Livia blickte sie lange an. Wie die Wahrsagerin da saß, im Zwielicht ihres Wagens, sah sie Vivanas Mutter so ähnlich, dass es schmerzte. »Du bist immer bei uns willkommen«, sagte sie, sanfter nun. »Wenn du es dir anders überlegst, lass es uns wissen.«
In diesem Moment fühlte sich Vivana so zerrissen, dass sie am liebsten davongelaufen wäre. Warum war es so schwer, eine Heimat zu finden, einen Ort, wo sie hingehörte?
»Ich sehe jetzt nach den Pferden.« Sie öffnete die Tür und verließ den Wagen.

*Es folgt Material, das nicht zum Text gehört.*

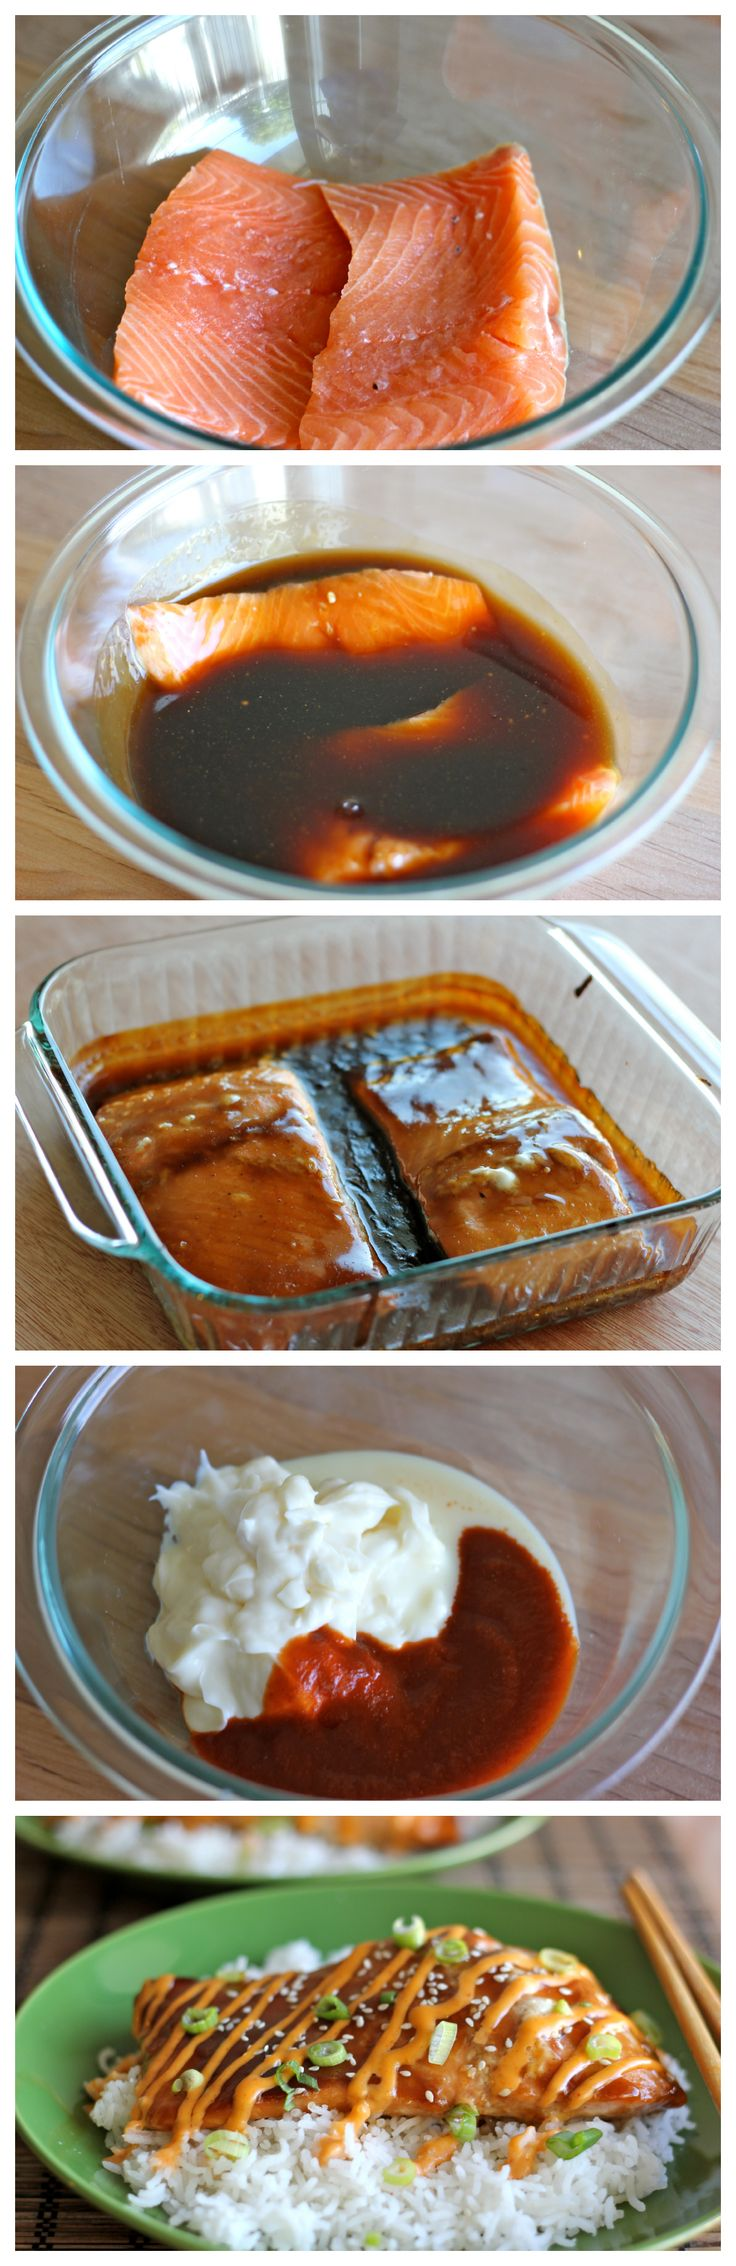 Teriyaki Salmon with Sriracha Cream Sauce // easy and the homemade Sriracha Cream Sauce will knock your socks off via Damn Delicious

Jasper Brent war nicht erfreut, als er erfuhr, dass Lady Sarka noch mehr Arbeiter brauchte. Nachdem er die Nachricht gelesen hatte, knallte er sie auf seinen Schreibtisch und knurrte etwas von einem wichtigen Auftrag, den er nun in den Wind schreiben könne. Doch der Reeder wagte nicht, sich der Anweisung zu widersetzen. Er schluckte seinen Zorn herunter, sagte gepresst, dass es ihm stets eine Ehre sei, Lady Sarka zu dienen, und versprach, seine Leute so schnell wie möglich zum Palast zu schicken. Liam hatte Mitleid mit ihm.
Kurz darauf verließ er die Reederei. Als er sich gerade auf den Rückweg machen wollte, bemerkte er auf der anderen Seite des Kanals eine Gruppe von Männern. Man sah ihnen auf den ersten Blick an, dass sie nicht aus Bradost stammten. Sie hatten dunkle Haut und trugen Kopftücher und bunte Westen über den Leinenhemden, an ihren Gürteln hingen Messer.
Manusch.
Plötzlich sah er Vivana vor sich, wie sie vor dem Gemälde in Quindals Haus stand, ein jüngeres Ebenbild ihrer wunderschönen Mutter. Seltsam, wie gut er sich trotz ihrer kurzen Begegnung an ihr Gesicht erinnern konnte. Als würde er sie schon eine Ewigkeit kennen.